By: Nick Rowan
The rise of IoT networks and systems, as well as AI and cloud computing, has meant the global telecoms sector has needed to adapt rapidly. As such, it is undergoing one of the biggest transformations since Roberts, Kahn, and Cerf’s creation of TCP/IP.
The advances made in digital technologies, coupled with the rapidly evolving nature of customer demands, has put significant pressure on telecom network companies, with a need to create faster networks that have the low latencies needed for gaming, robotics, smart electricity grid control, financial trading, and more. In short, the traditional business model adopted by network operators is becoming less tenable. These organizations need to adapt to become more akin to out-and-out technology companies with a focus that is far greater than they are used to providing. To put it another way, there needs a migration from being “telcos to techcos.”
This brings several benefits, not least of which is the increased monetization of 5G services, but achieving this is not without complexities. As with all major inflection points, this shift enables new players to enter the market and compete with the existing major players. Getting this migration wrong can have huge consequences.
While there are many enabling technologies on the path from telco to techco, for simplicity this article will focus on three: the rise of sophisticated AIOps to enable an automated network operations center (NOC); the development of outsourced testing and validation to bring trust when adopting equipment from lesser-known vendors; and the use of digital twins/AI scenario generation tools to better model behavior in real-world conditions.
Until now, life as a telco has been relatively straightforward. It involved the build-out of large-scale network infrastructure, with the upkeep and roll-out of next-generation technologies to ensure the connectivity provided was fast, low-latency and above all reliable. In many ways the objective has not altered, but the amount of data has increased. And it has done so dramatically. To put this in context, in 2011 Google CEO Eric Schmidt said that “There were 5 Exabytes of information created between the dawn of civilization through 2003, but that much information is now created every 2 days”. While I cannot comment on the validity of Schmidt’s statement, it’s now 14-years later and the data sphere is expected to reach over 180 ZB (180 trillion TB) this year. At this volume, it takes just 0.87 seconds to generate 5 EB.
Therefore, to be a successful telco in this environment means doing far more than providing reliable infrastructure. To supply the required bandwidth at the required latencies for video streaming, over-the-top apps and services, gaming, and (of course) AI and IoT, telcos must embrace new technologies that can operate networks at scale.
Modern networks span technologies, vendors and domains while being expected to carry ever more data.
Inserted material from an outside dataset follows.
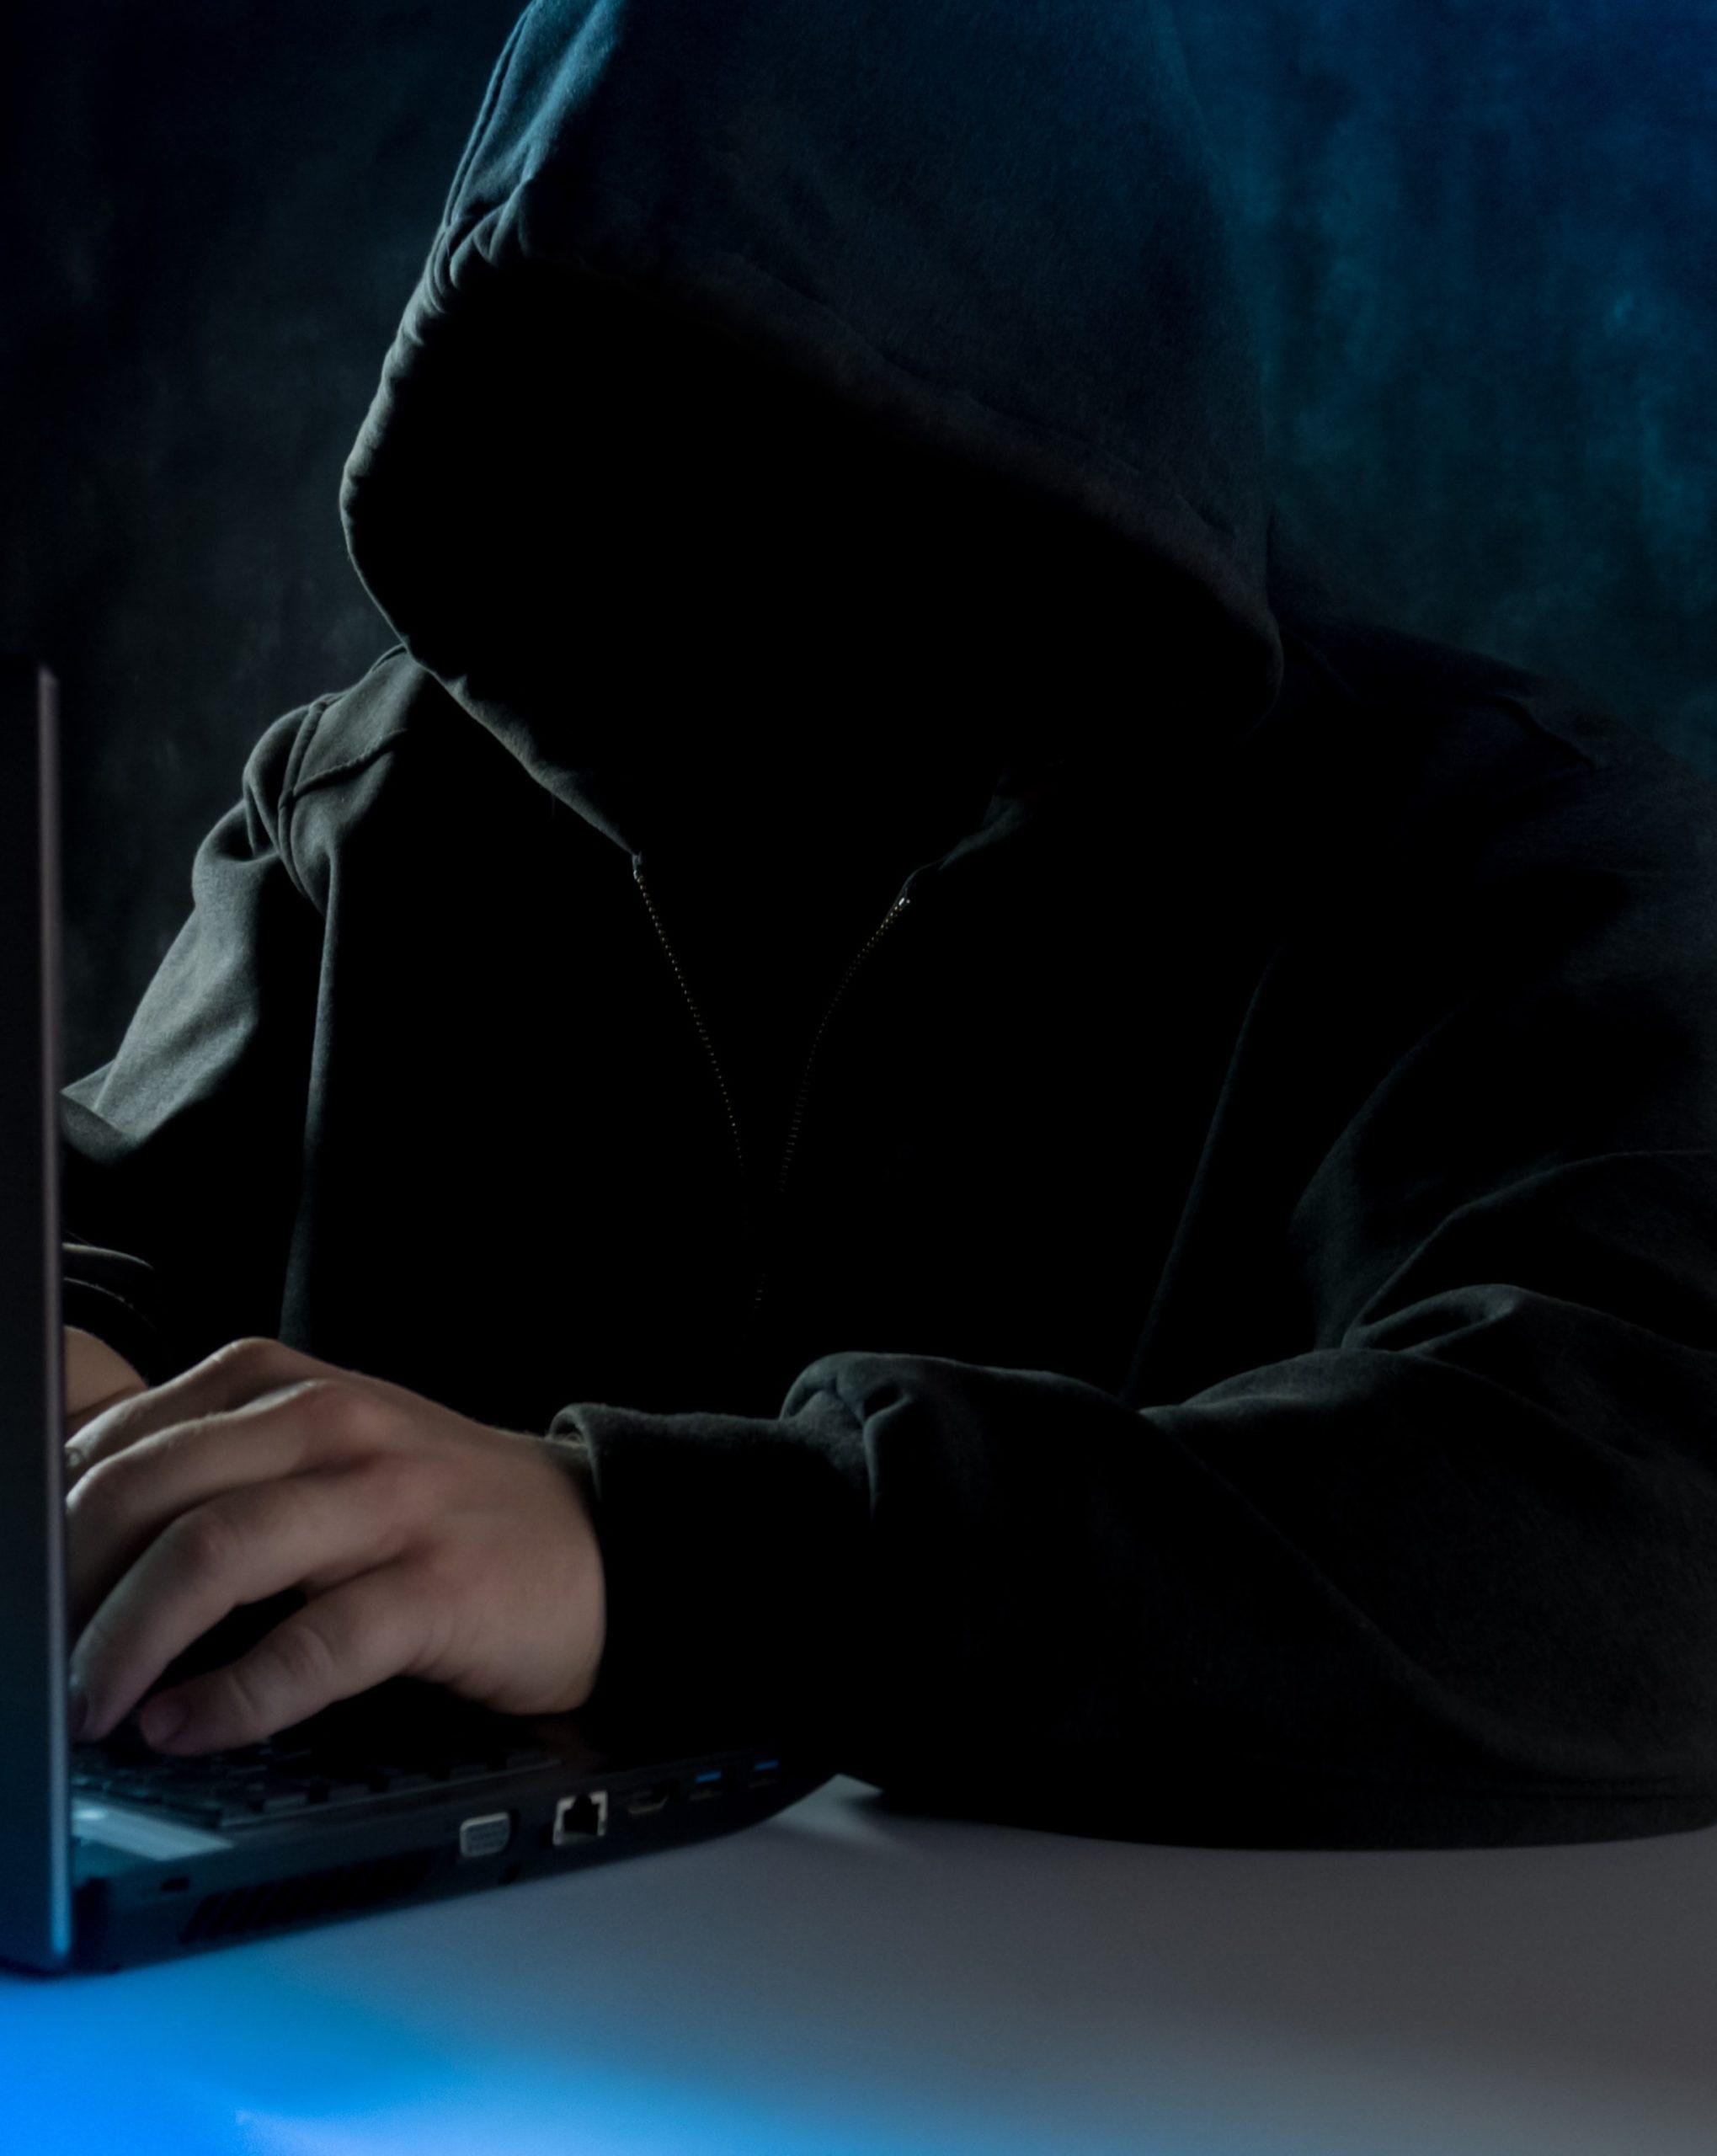 How to Identify ID Fraud

Resilience is critical to operation (and reputation), so a holistic view from the center to the edge is required. Having people manually monitor the infrastructure at this scale is expensive and inefficient. Instead, a drive towards the ‘dark’ or completely automated NOC is needed to boost reliability.
Notably, taking a dark NOC approach eliminates the siloed and manually intensive nature of running an NOC, relying instead on AIOps tools that use a combination of AI, machine learning, and big data analytics to not only monitor but analyze network operations, and then optimize them in real-time for resource allocation, capacity planning, and predictive maintenance. This shift swaps reactive troubleshooting for predictive autonomous operational models and harnesses data from the switches, the firewalls, the servers, the routers, etc., to identify performance trends and issues, as well as correlating events across the network. Breaking this down further, this can be shown as four key separate functions:
Anomaly detection: Traditional NOC systems rely on predefined thresholds for performance metrics, but “normal” network behavior is based on a swathe of constantly shifting variables. This means not all incidents will meet fixed threshold values, and not all normal events will lie within them. AIOps tools enable the dark NOC to establish a continuously adjusting baseline to develop a more accurate picture of normal network behavior to fit the current, not the average conditions.Root cause analysis: With vast volumes of data generated comes the need for intelligent correlation systems to prevent operators becoming overwhelmed by the number of alerts and notifications. By automatically pooling related events and identifying the actual cause, not a correlated symptom of an incident, it is possible to significantly cut the mean time to resolution (MTTR) and therefore service disruptions.